Michael Glavassevich wrote:
This is neither a Xerces bug or a bug in Java.
Investigating this further, this is definitely a bug in Java which is then not trapped by Xerces - the FileWriter opens the file with an unpredictable encoding different per platform, which is definitely broken behaviour. Xerces then silently allows this problem to remain unchecked through encoding, when in reality it should have thrown an exception.
Rubbish. It is the documented behaviour. It is well motivated; it enables the Java app to talk with the OS and other apps in the expected encoding. It just isn't appropriate for WebApps. What is broken is using a FileWriter in code intended for a Web application. That is not the intended purpose of FileWriter's. FileOutputStream's are appropriate for this purpose, (potentially wrapped with a utf-8 OutputStreamWriter)
When you pass the serializer a Writer rather than an OutputStream it will write characters not bytes. If the Writer is writing to an OutputStream, it is responsible for encoding the characters and will do whatever it does regardless of what encoding you specified on the serializer.
Which in turn produces broken XML - What Xerces should be doing is testing the encoding of the underlying Writer, and if different from the encoding specified for serialisation, it should throw an exception and fail safely, rather than quietly continuing rendering broken output.

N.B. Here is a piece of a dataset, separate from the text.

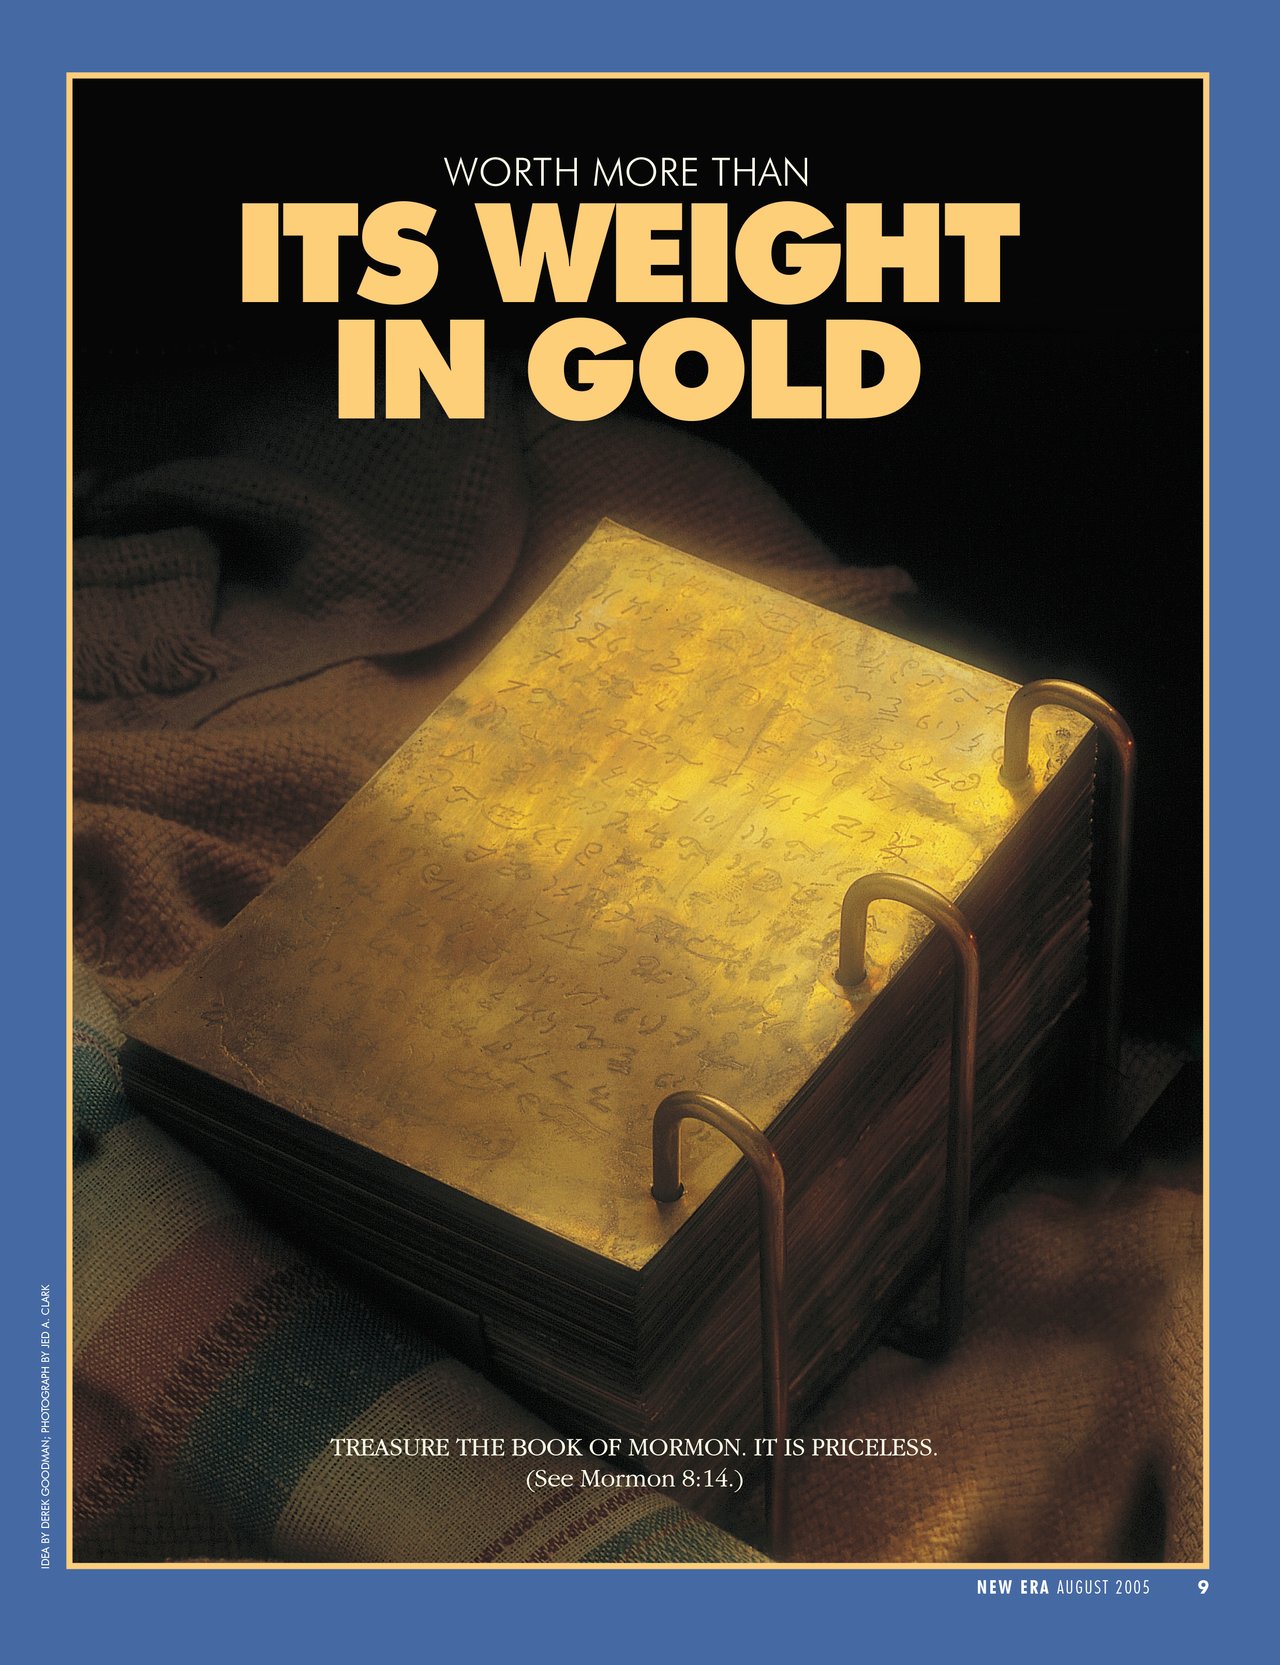 A Mormonad from the August 2005 issue of The New Era magazine with a picture of the golden plates titled "Worth More Than Its Weight In Gold."

This is the behaviour I put in my code for output (not in Xerces), but it is not robust, because you cannot always tell the encoding on a Writer, and indeed, some e.g. a StringBufferWriter, do not have an encoding.
A possible behaviour is:
- if Writer is an OutputStreamWriter, find it's encoding, use java.nio.charset.Charset to convert this to the IANA canonical name (if any)
- issue a warning if the canonical name is
a) begins with an x-
b) begins with Mac
since these names are not registered with IANA, and hence unlikely to have any interoperability
- add an XML declaration with the canonical name as the encoding
But always always always, Web output is better in Unicode, e.g. utf-8.
If the application passes you a Writer in some other encoding then the library writer is going to loose whatever they do.
Jeremy
http://java.sun.com/j2se/1.4.2/docs/api/java/io/OutputStreamWriter.html#getEncoding()
Thank you for pointing me in the right direction for solving this - it had us stumped for ages.